Validación de la reacción en cadena de la polimerasa en tiempo real (qpcr) acoplada a curvas melting como herramienta alternativa para el diagnóstico de tuberculosis multidrogorresistente
(Facultad de Ciencias Farmacéuticas y Bioquímicas, 2019) Mercado Michel, Brayan Gabriel; Vasquez Michel, Aneth, asesora
La tuberculosis es una enfermedad infecto-contagiosa, causada por diversas especies del Complejo Mycobacterium tuberculosis, actualmente se estima que un tercio de la población mundial se encuentra afectada por lo que representa una amenaza para la salud pública, principalmente por el surgimiento de cepas Multidrogorresistentes (TB-MDR). En Bolivia en la gestión 2017, en Bolivia se reportaron 7.538 personas enfermas con Tuberculosis, y los últimos datos sobre TB-MDR indican un aumento de 0,2% por año, el año 2012 se registró un 3,1% de TB-MDR. Actualidad en nuestro país se emplean métodos moleculares para la identificación de este agente infeccioso; no obstante, existen muy pocos o ningún trabajo acerca de la aplicación de métodos moleculares para la detección precisa y efectiva de cepas TB-MDR que otorguen validez a los resultados emitidos. Este trabajo resuelve el cuestionamiento de si la PCR en tiempo real (RT-qPCR) acoplada a curvas melting es una herramienta de diagnóstico alternativo aplicable y confiable, para la identificación de tuberculosis multidrogorresistente. Se trabajó con 74 cepas de Mycobaterium tuberculosis fenotípicamente identificadas por cultivo (método de las proporciones, Canetti Rist).
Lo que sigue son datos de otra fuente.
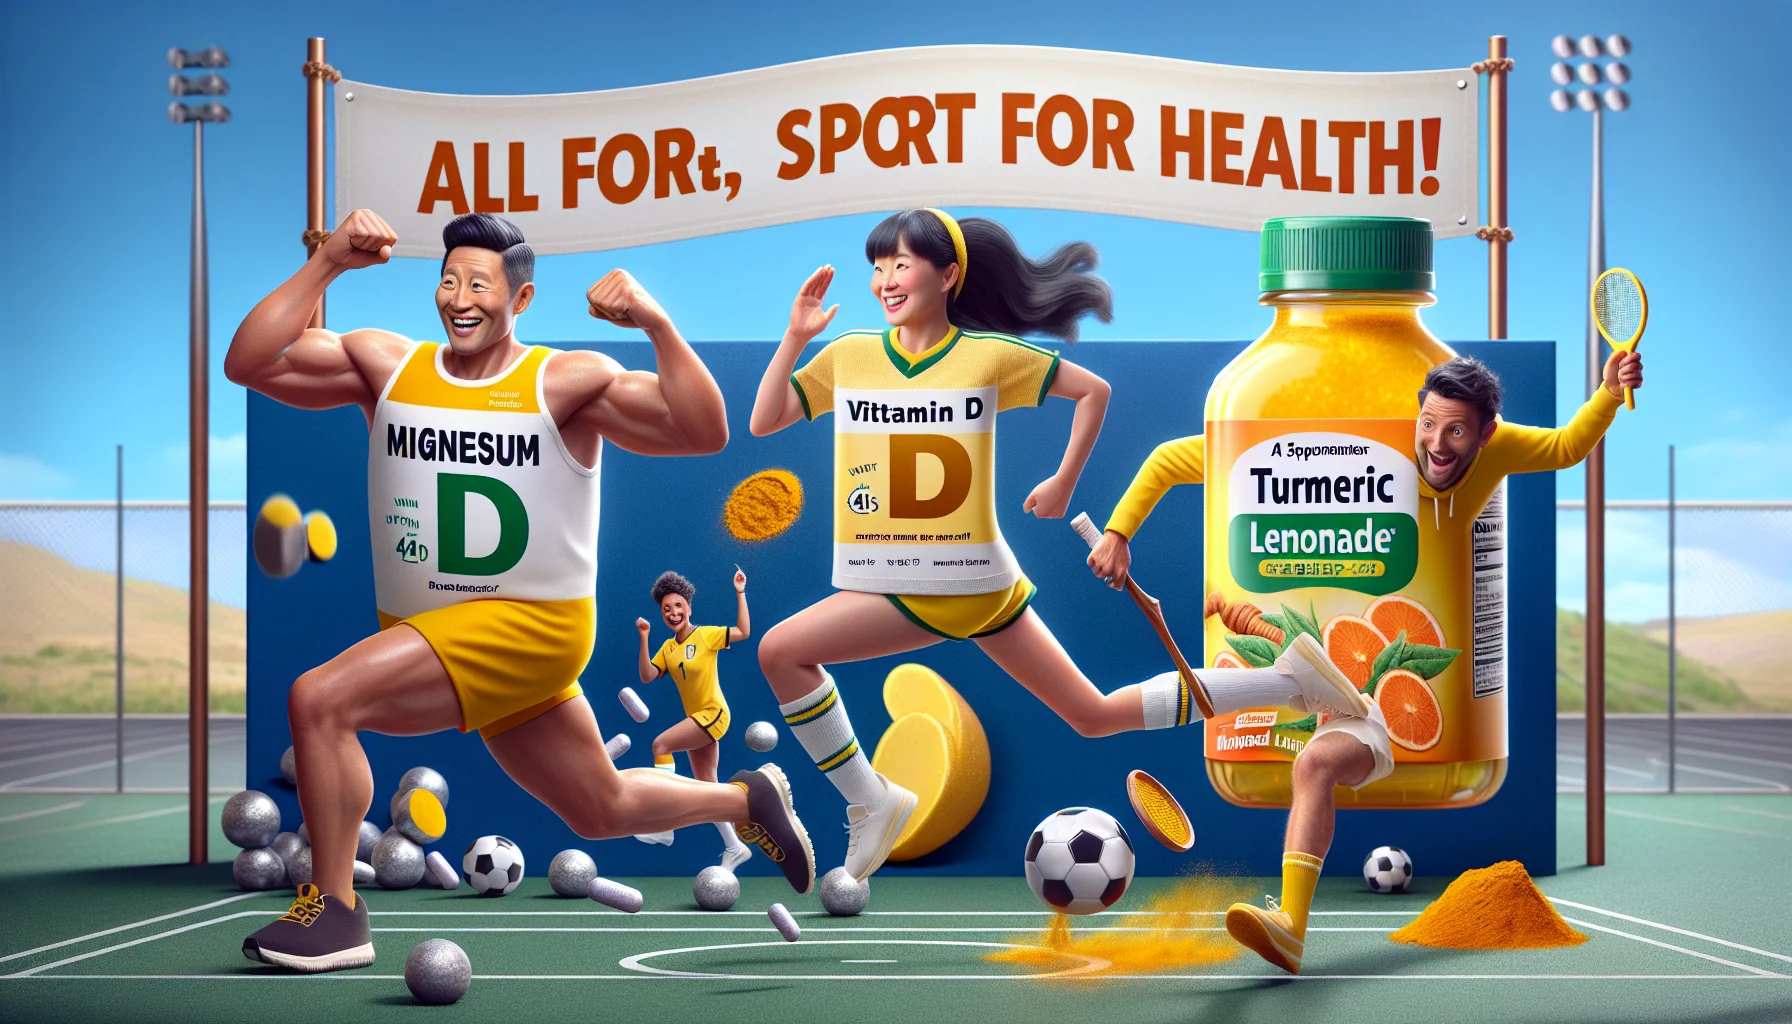 Create an image of a humorous scene featuring vitamin D, magnesium, and turmeric lemonade in a sports setting. Visualize these personified supplements engaging in friendly competition with each other. Magnesium, personified as a muscular athlete of Asian descent wears a runner's outfit, while Vitamin D, personified as a lively soccer player of Hispanic descent, actively chases a soccer ball. Turmeric Lemonade, taking form of a Caucasian, cheerful tennis player is elegantly geared up. A banner in the background reads 'All for Sport, Sport for Health!' This image should inspire people to incorporate these supplements into their active lifestyle.
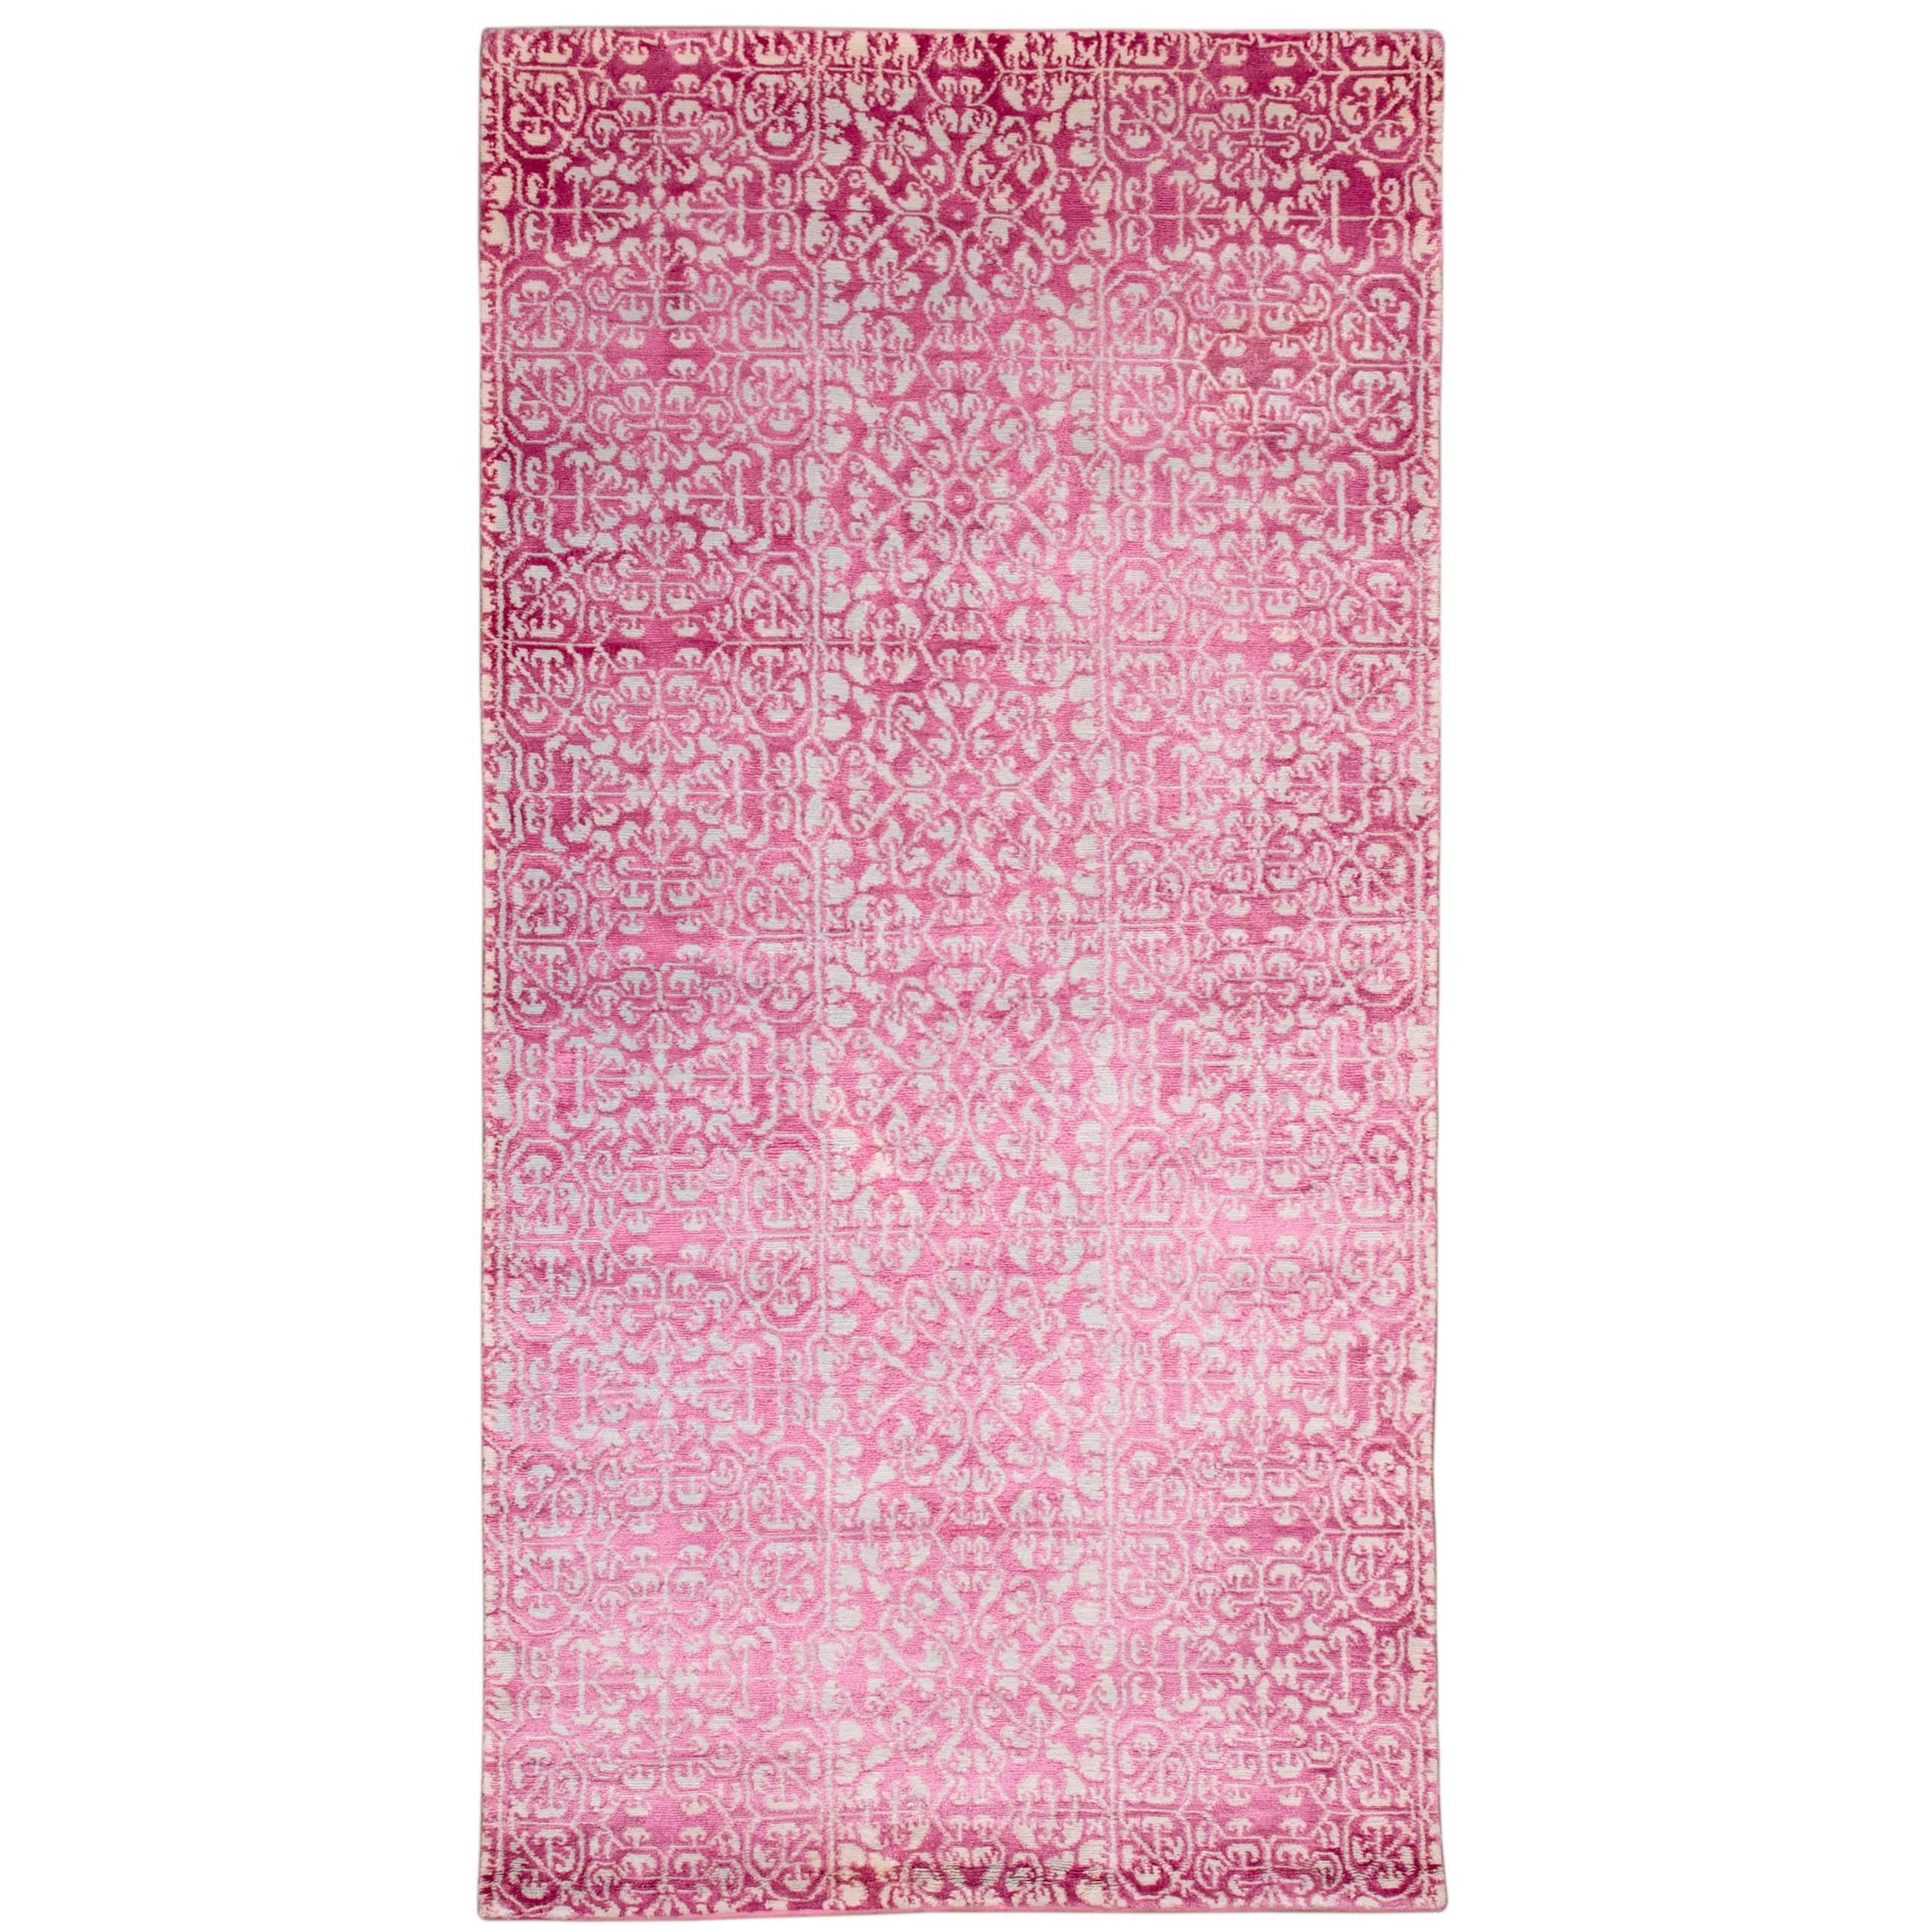 A Silk And Pashmina Area Rug In Pink And Powder Blue 3x6

El material genético se obtuvo por columnas, por ser el que mejores resultados presentó en el desarrollo de la PCR. Se utilizaron dos controles primarios del método para la determinación de resistencia a Isoniacida y Rifampicina, tanto los controles como las muestras se procesaron por RT-qPCR acoplada a curvas melting, mediante cambios de temperatura de disociación. Los resultados de la validación reflejaron: sensibilidad: 67.4%, especificidad: 83.3%, exactitud: 73.97%, VPP: 85.3%, VPN: 64.1%, LR(+): 4.18 y LR(-): 0.38 para Isoniacida, mientras que para Rifampicina: Sensibilidad: 97%, especificidad: 20%, exactitud: 58.9%, VPP: 55.4%, VPN: 87.5%, LR(+): 1,21 y LR(-): 0.10. El método evaluado para la determinación de resistencia a Isoniacida presenta un equilibrio bueno entre sensibilidad y especificidad, por lo que representa una alternativa diagnóstica confiable, mientras que el método evaluado para resistencia a Rifampicina presenta una alta sensibilidad que es muy útil para países endémicos como es Bolivia.